The end to concessions on stamp duty predictably produced a lull in home sales, despite the good househunting weather and the easing of the bank rate.

Tax does make a difference. It is not wise for a government making a big bet on the housing market to bypass it as a recovery tool by punishing homebuyers, especially younger people seeking the first rung on the ladder.

There is one G7 table which Rachel Reeves didn’t mention.

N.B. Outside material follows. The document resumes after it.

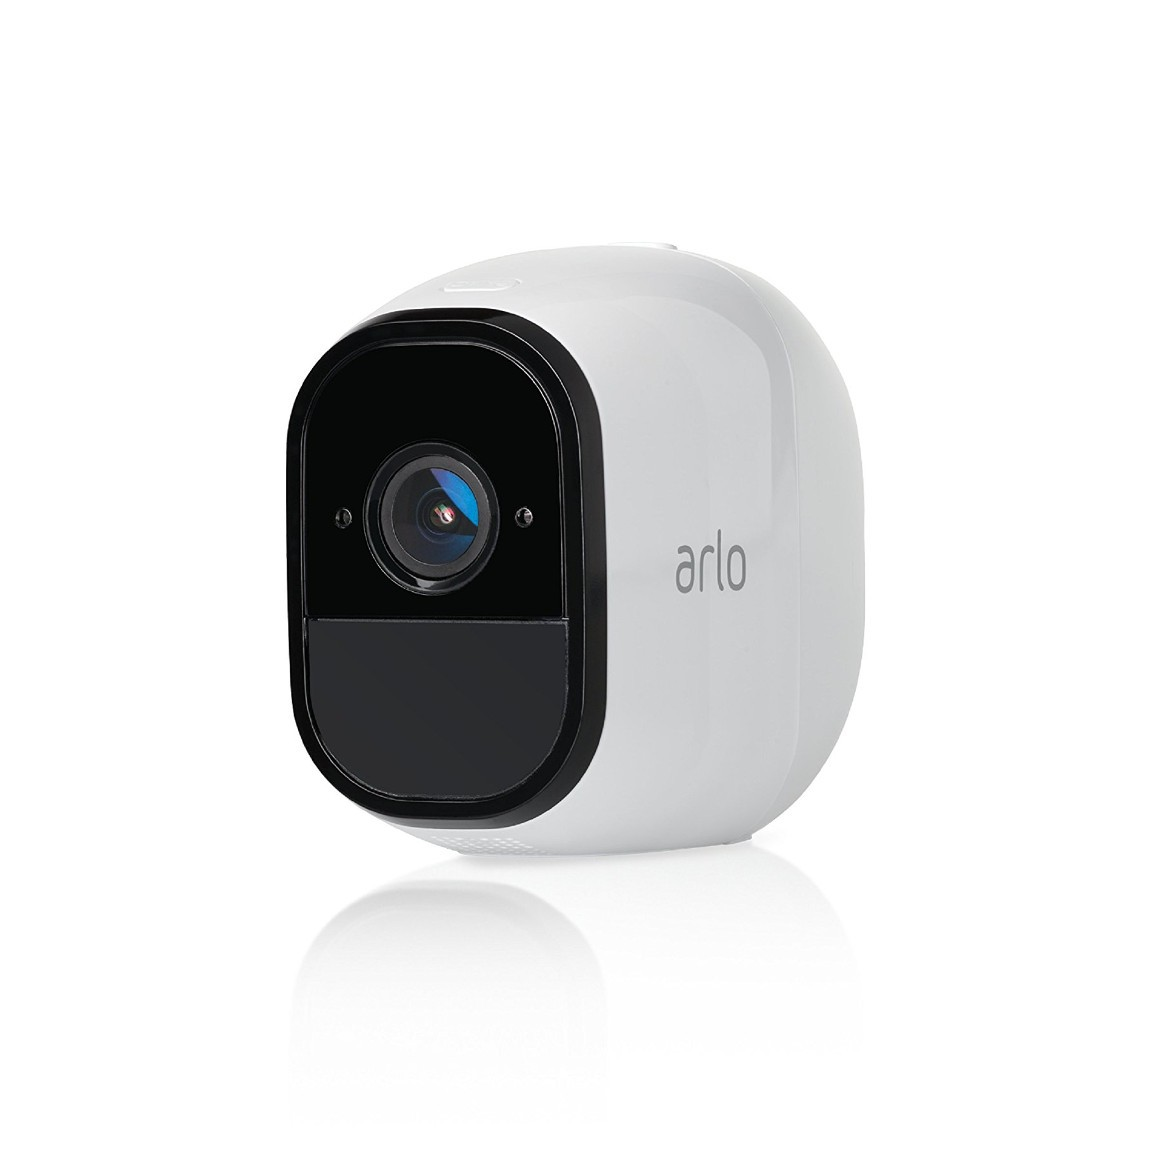 Netgear Arlo Pro - Add-on-Sicherheitskamera (VMC4030) - Weiß

The Chancellor believes her fiscal rules, which require current spending to be matched by taxation but allow borrowing for investment, have secured the UK’s budget after the Liz Truss disorder. 

Markets don’t believe it. The yield on Britain’s ten-year bond – or gilt – at 4.5 per cent in latest trading is the highest among the rich Western democracies.

Reeves makes the reasonable case that UK yields move in lockstep with those in New York.

There is, however, a serious flaw in the thinking. The Chancellor appears to believe that if the current budget is in balance, it is fine to borrow to invest.

That may be the case in Japan and Germany, where bond rates are 1.46 per cent and 2.53 per cent respectively, because their governments’ overall interest bill is, by UK standards, under control.

In Britain’s case, every pound that is borrowed for a new roundabout or bypass behind the Red Wall comes with interest at high rates.

So the extra borrowing for Labour’s £2 trillion or so of capital spend inflates the current budget via borrowing charges. In the autumn, the Treasury estimated the interest bill for 2025-26 at £126billion.

If gilts had a similar yield to the German bund there would be an extra £60billion or so for education, health or even an end to the freeze on income tax thresholds which punish hard work and enterprise.

Britain’s national accounts do not provide a free pass for capital projects.